Mr Harrington didn’t seem too pleased to be out in the sunshine — he had his wayfarers on and was greedily sucking on an iced latte from the caf — but after several cawing protests from Marla Holiday, he had agreed to let them sit out on the bleachers to study. Principal Carter had insisted that they not return to classes due to their traumatisation, as he called it.

Rani watched my Harrington lounging on the bench just down from her, with one leg crossed over the other. In a strange way, he was perhaps the only thing closest to a friend that she had at school. Of course they didn’t talk or bond or anything, but he was her English teacher as well as her form teacher and he always graded her fairly, leaving helpful and insightful notes on her work in scratchy fountain-pen ink. Rani pretended to study, but she watched Mr Harrington and the sweat that slowly started to bead on his face while she took a rare moment of enjoyment from not having to be on the look out for the next bitch attack.

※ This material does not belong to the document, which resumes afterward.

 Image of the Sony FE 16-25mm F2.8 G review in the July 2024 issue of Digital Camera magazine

That was until she remembered she was on a forced study break with Marla Holiday, James Prentice, and a few other not so influential kids — Courtney da Silva was a quiet bookworm, but so detached there wasn’t a way in hell she was going to talk to Rani or Marla Holiday or anyone else who even looked in her direction. Toby Carter was the Principal’s son and he was kind of an odd case in Rani’s opinion. The kid was (obviously) never caught doing anything wrong, but at the same time Rani suspected that he quite often was doing the wrong thing.

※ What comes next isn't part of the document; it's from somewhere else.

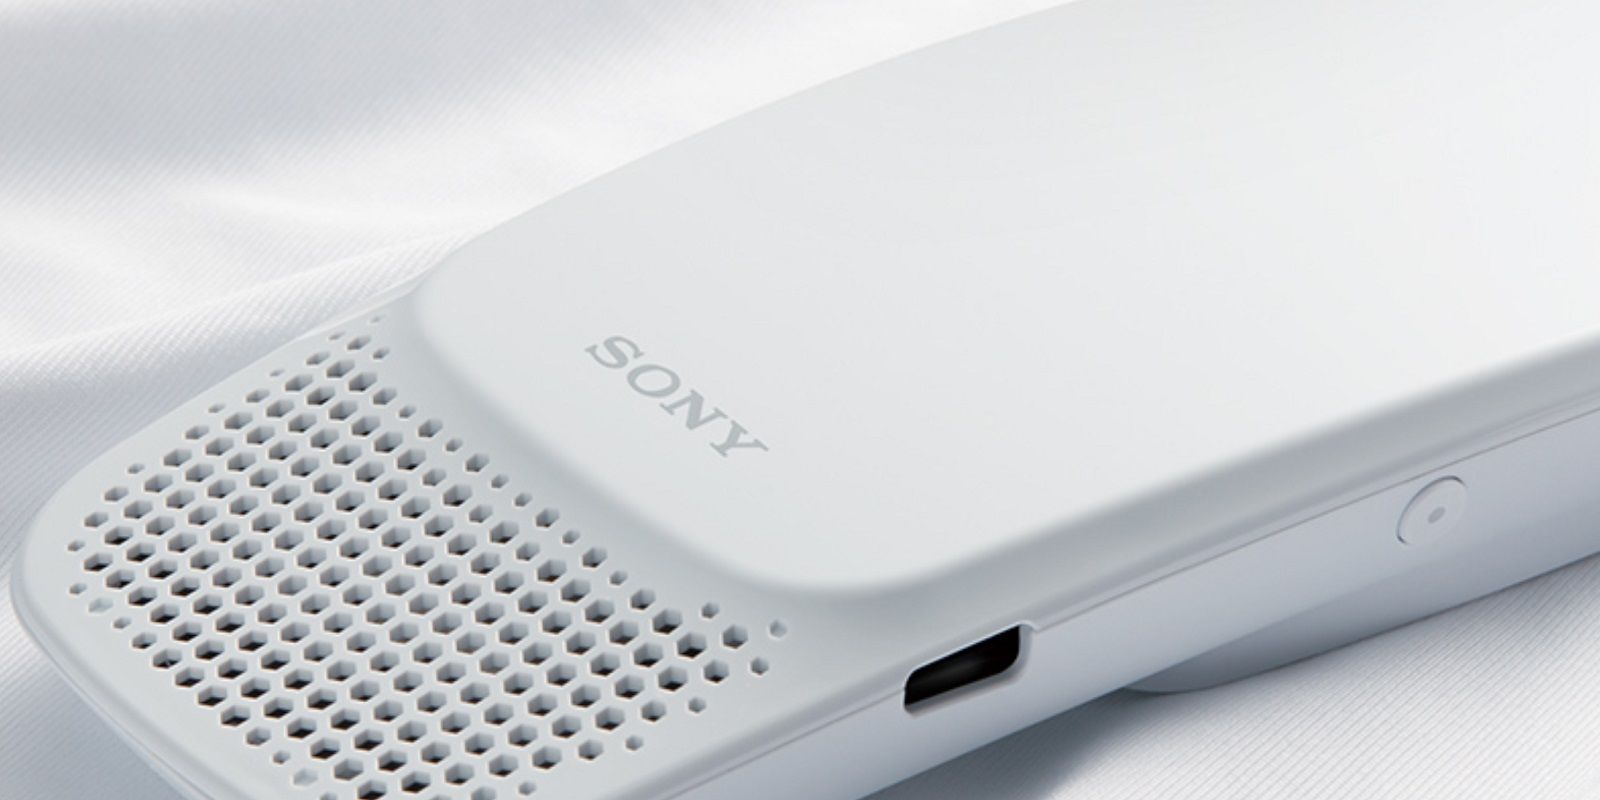 Sony Starts Selling ‘Reon Pocket’ Wearable Personal Air Conditioner

He seemed intelligent and wary but he hardly ever spoke or interacted, despite his father’s enthusiasm regarding his potential to be registered into the study body council. Toby seemed to have no intention of joining the council, but there didn’t appear to be a rift between he and his father about it. Rani wondered if that was perhaps merely the facade they had created/built up. If so, they had done a fucking good job.

Toby had a novel open on his lap on the other side of the bleachers and he was pretending to read it, a mirror of her own pretence. She watched him, and he watched Marla Holiday flirt unabashedly with James Prentice down on the grass. Marla Holiday’s cheek was cut a little from the rock and there was bruising starting to purple the surrounding skin. Mr Harrington sipped his iced latte now, and Courtney da Silva was genuinely reading her H.P. Lovecraft (Rani had noted it’s black and gold cover earlier and made a promise to herself to buy a copy just because it looked so damn cool). It felt like the six of them were in a bubble, at the school, but not really there — they had created their own little reality.

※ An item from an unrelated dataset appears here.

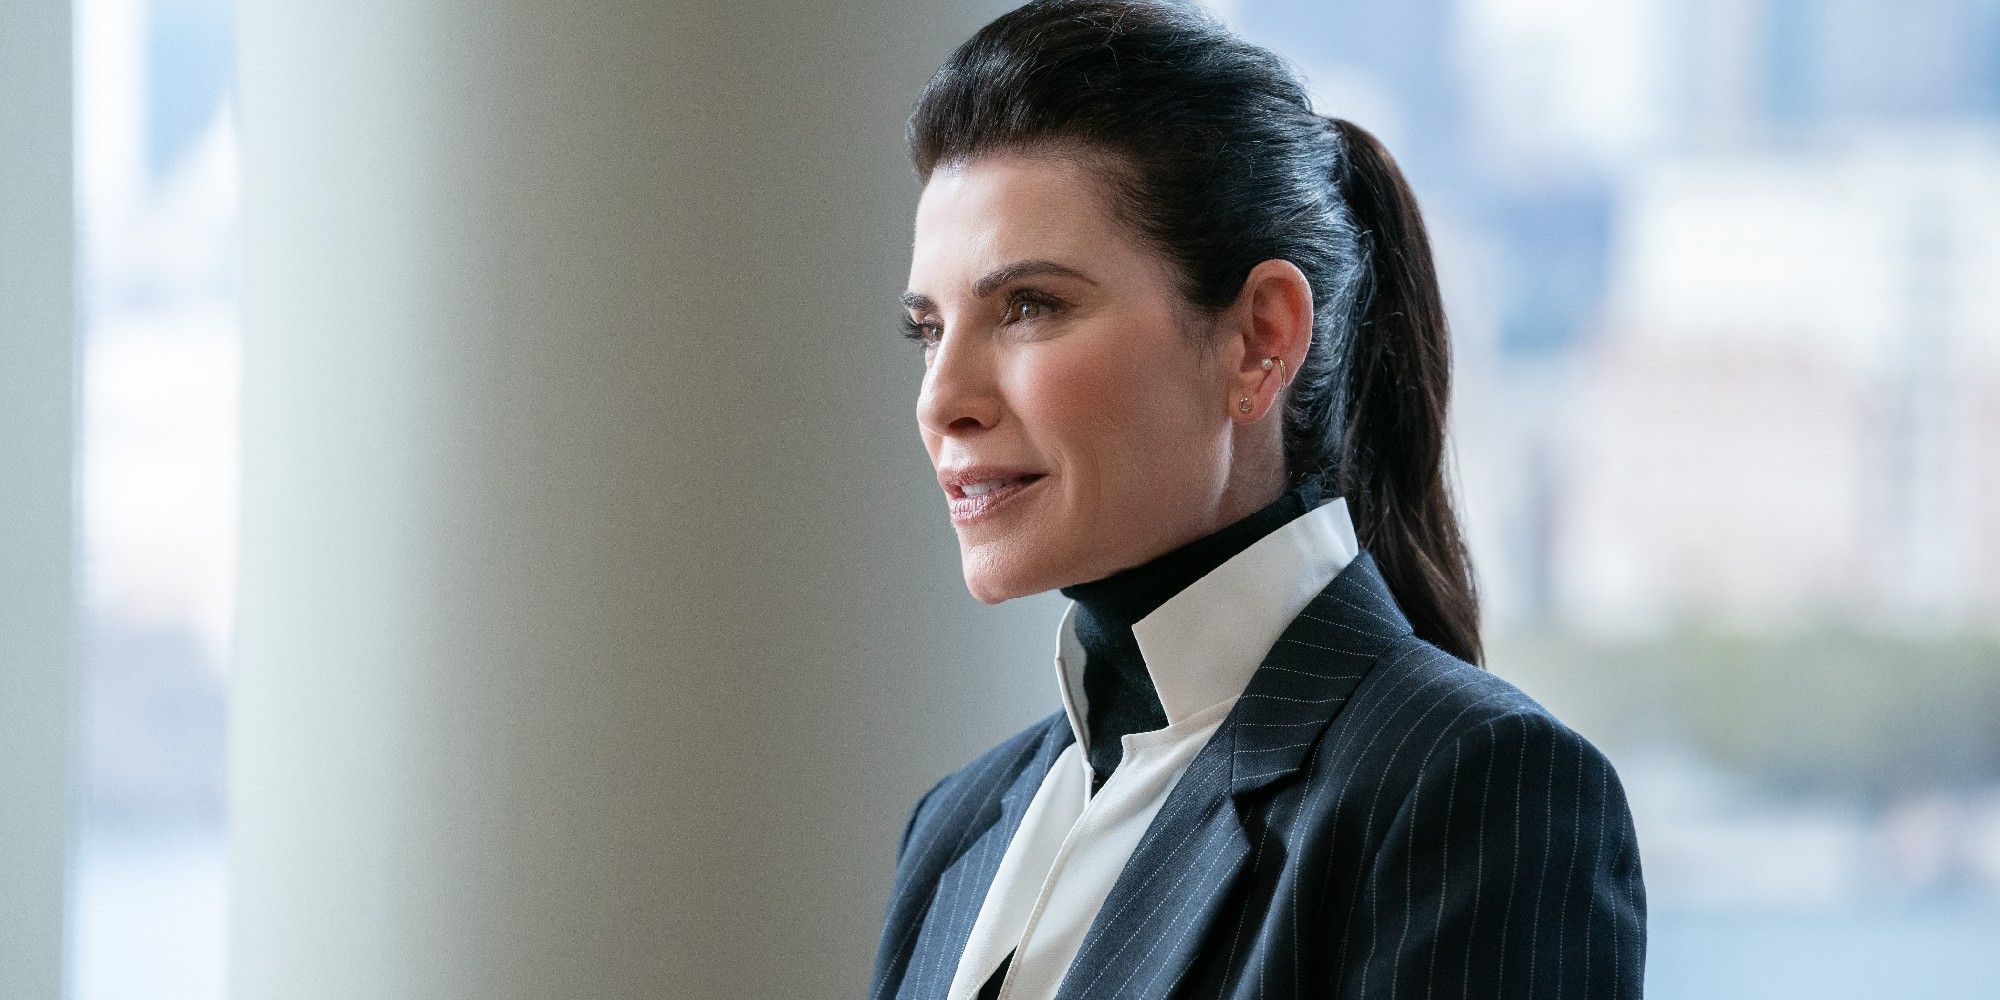 Julianna Margulies Defends Playing A Lesbian On The Morning Show

Rani was relaxing, she was drifting, watching her peers and her teacher and the glistening summer-day world. She felt as good as she could remember feeling for a solid year and that was exactly the moment that Marla Holiday’s echoing taunt rang out across the football field, across the bleachers, across the calm that had fallen — the lovely calm that Rani had almost fallen right down into.

She’s just so fucking dirty. Dirty Rani. I mean look at the bitch, she’s dirt!”

It was loud. Too loud.

Mr Harrington hadn’t really stirred, but Courtney da Silva had looked up from her novel with wide eyes and James Prentice appeared red faced and embarrassed next to Marla Holiday. Rani didn’t look at Toby Carter — her eyes were fixed on the small sunlit vision of Marla Holiday out on the perfect green grass, dancing and twirling under the perfect blue sky.

Marla Holiday was laughing.

She was laughing and it was echoing around the football field and Rani was feeling that thing again. Her heartbeat hastening, he blood pumping hard and hot, the world tightening around her.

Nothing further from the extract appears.